AIM OF THE EXERCISE:
Everything in the listing below should be repeated exactly, apart from the pictures.

DATA EXTRACT:

--- START ---

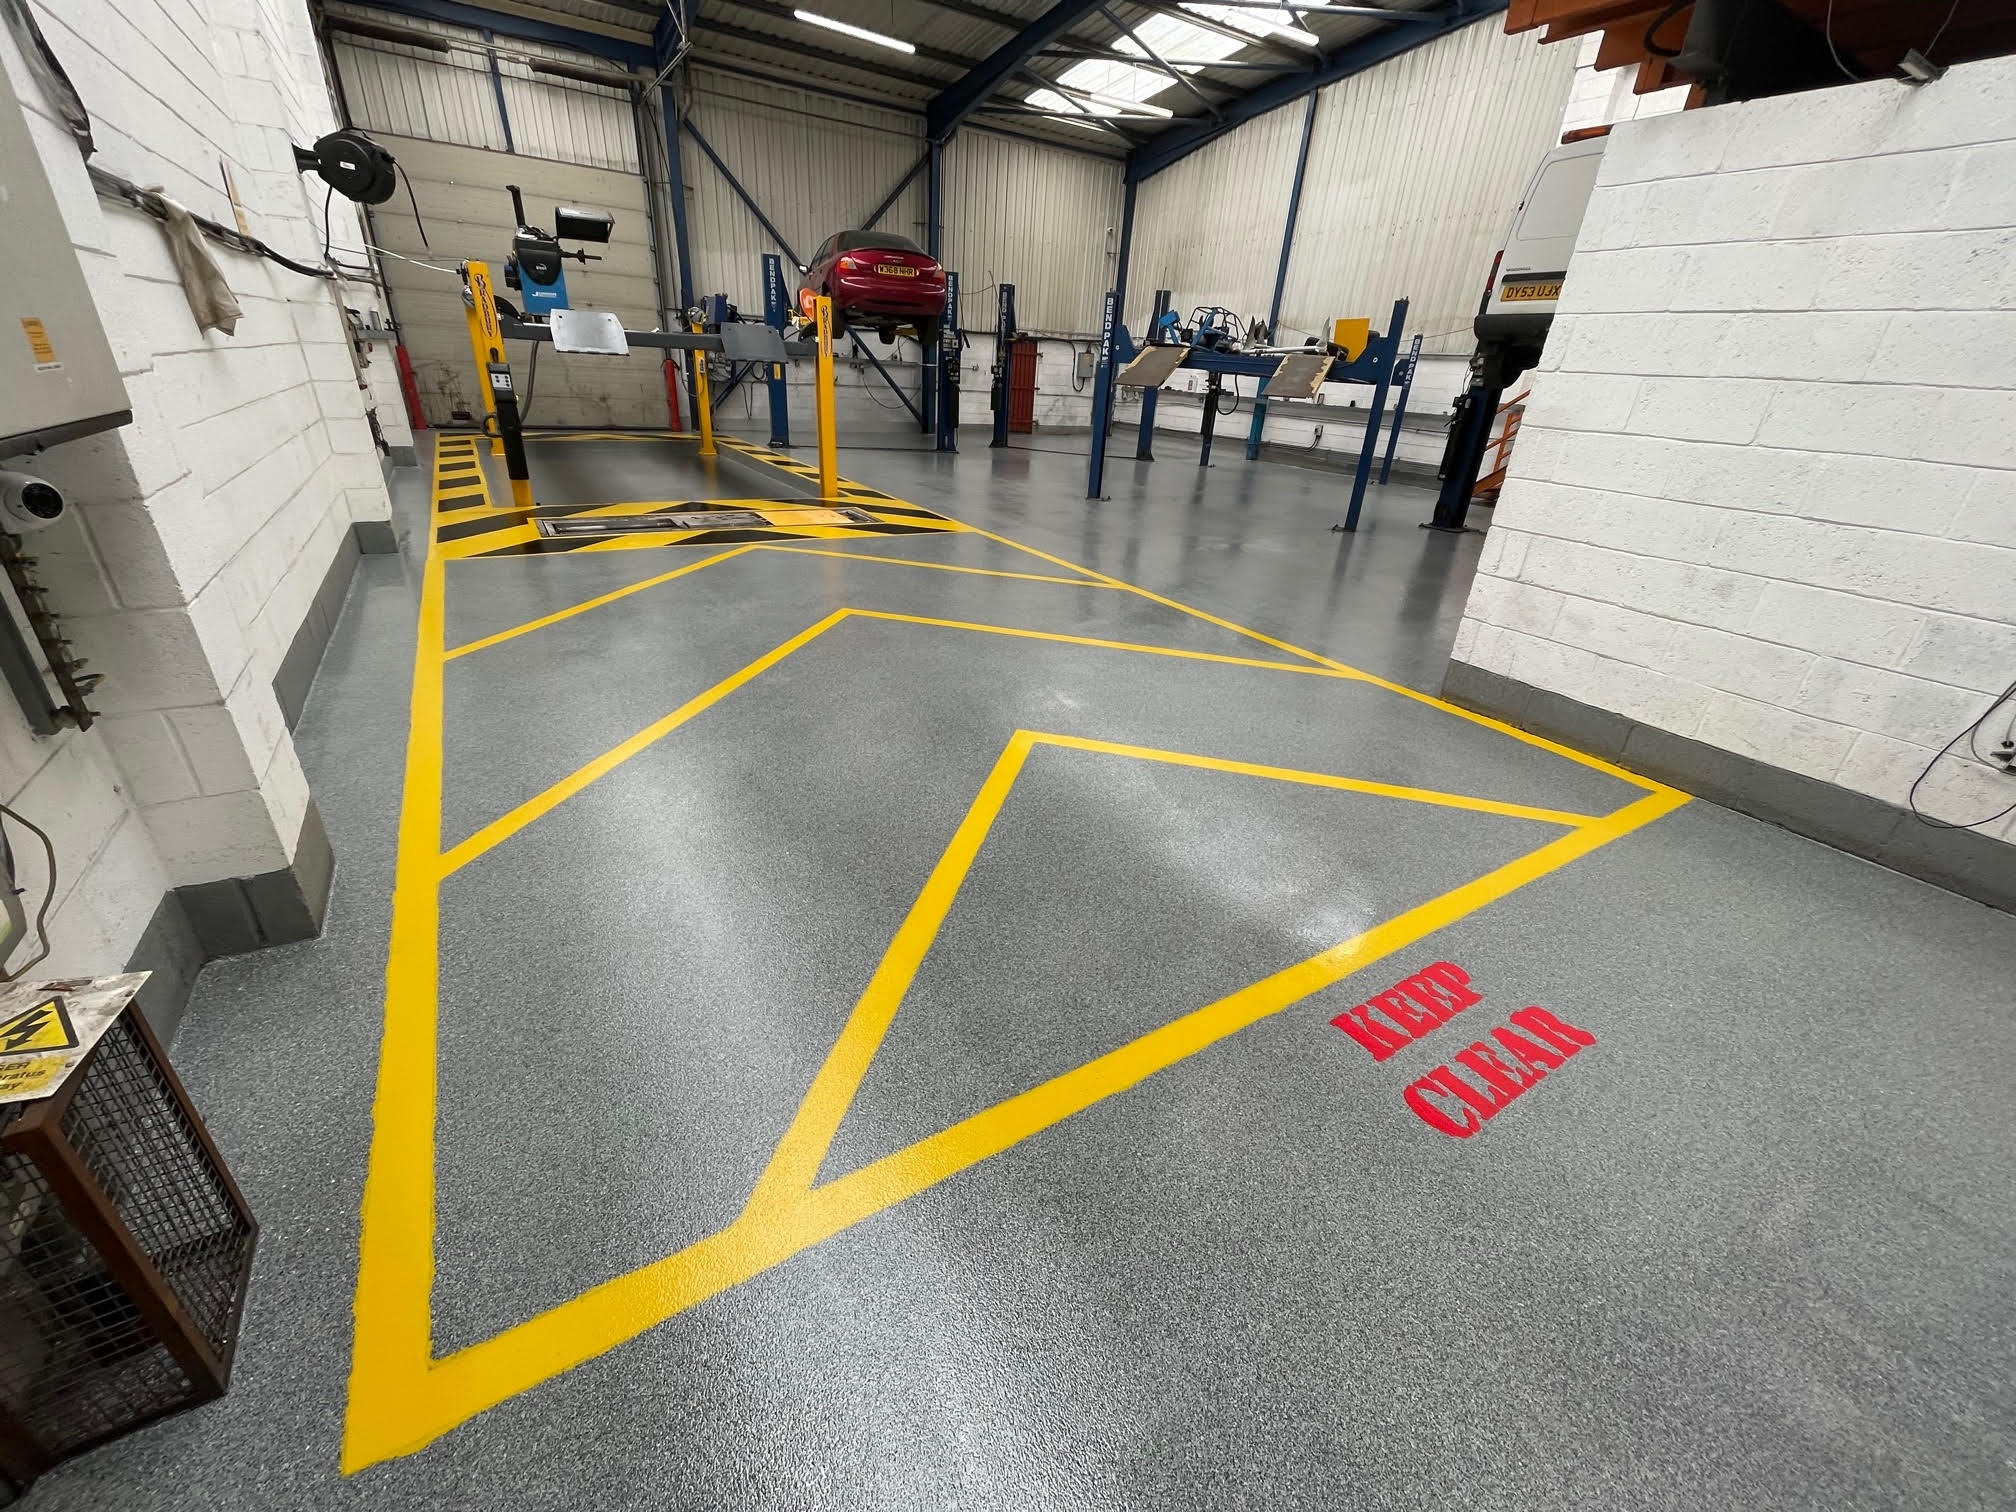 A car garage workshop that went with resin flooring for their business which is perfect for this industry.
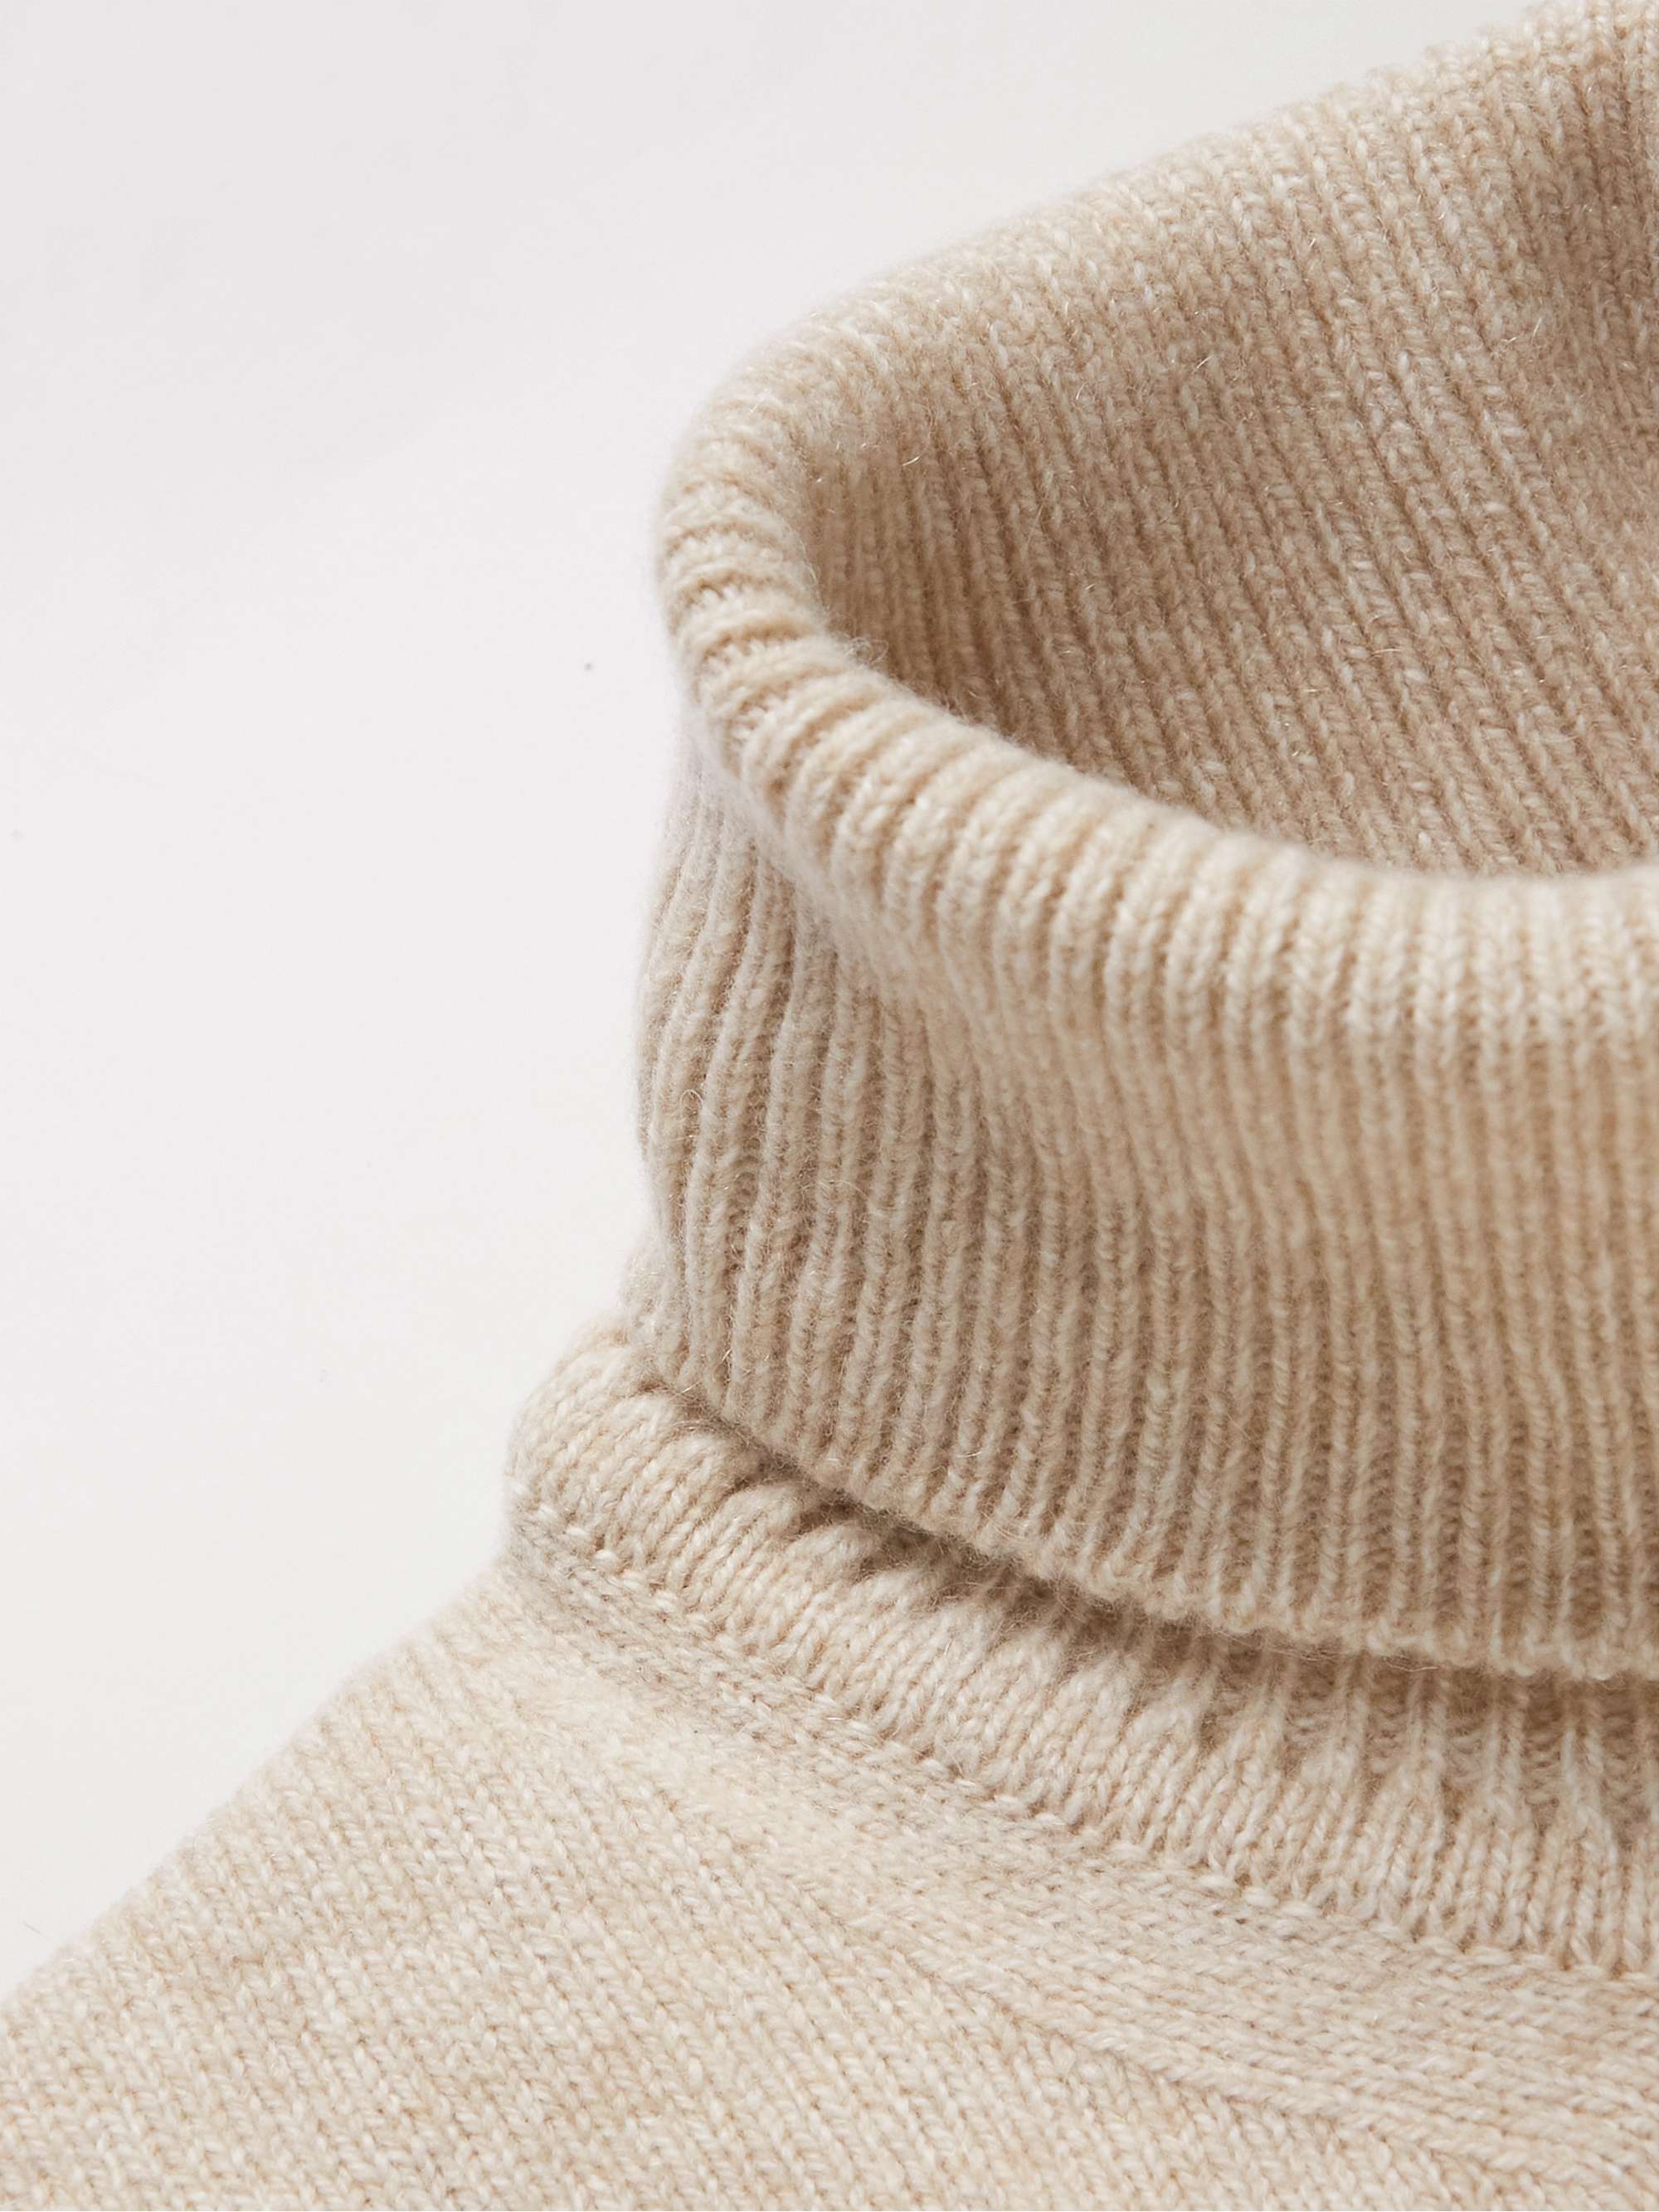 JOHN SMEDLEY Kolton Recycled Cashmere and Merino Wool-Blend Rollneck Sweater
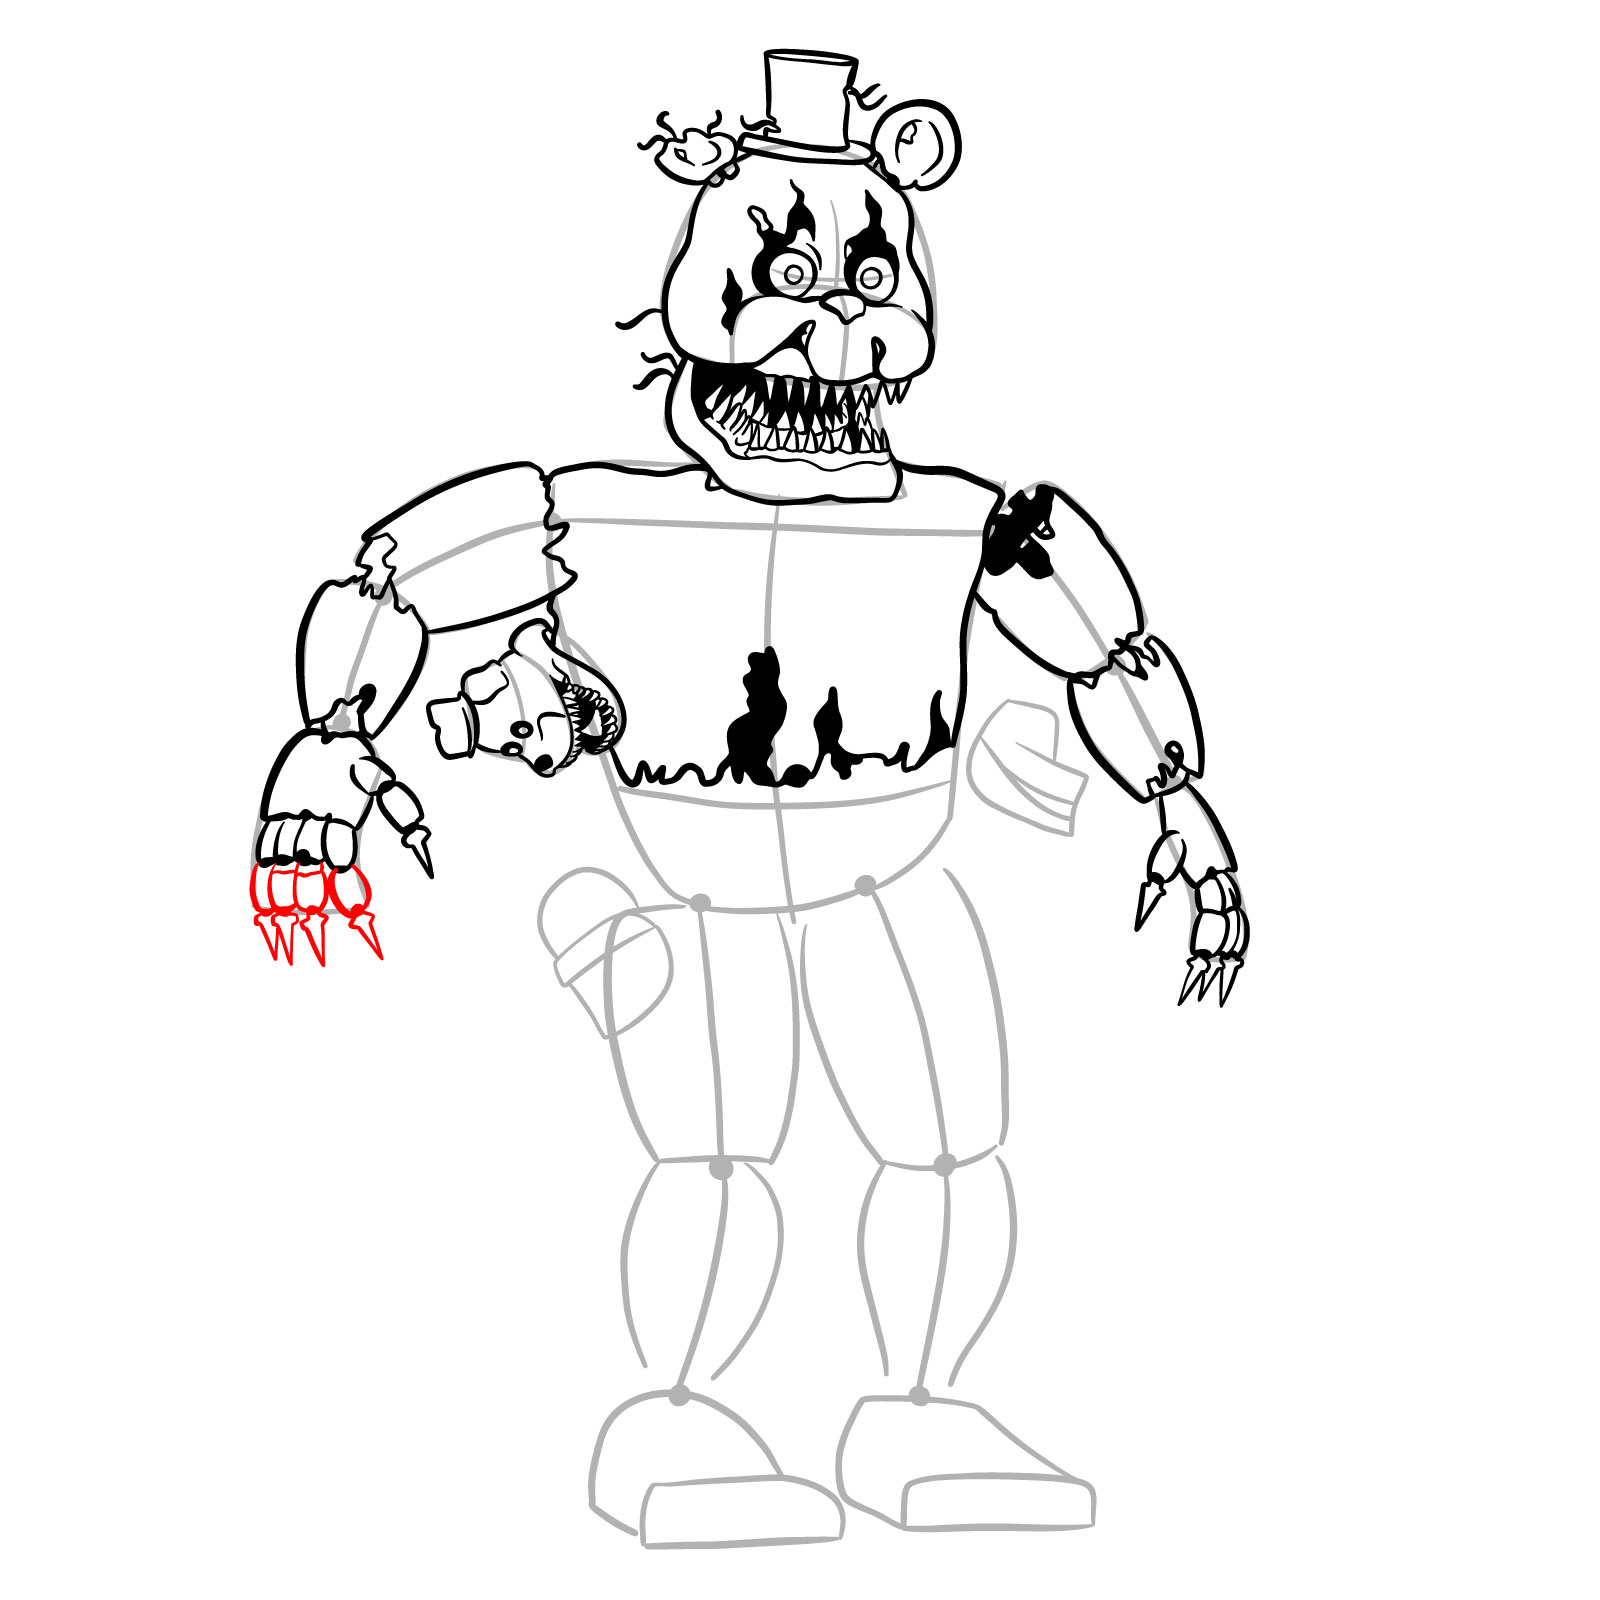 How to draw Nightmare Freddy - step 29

--- END ---

TASK RESULT:
 A car garage workshop that went with resin flooring for their business which is perfect for this industry.
 JOHN SMEDLEY Kolton Recycled Cashmere and Merino Wool-Blend Rollneck Sweater
 How to draw Nightmare Freddy - step 29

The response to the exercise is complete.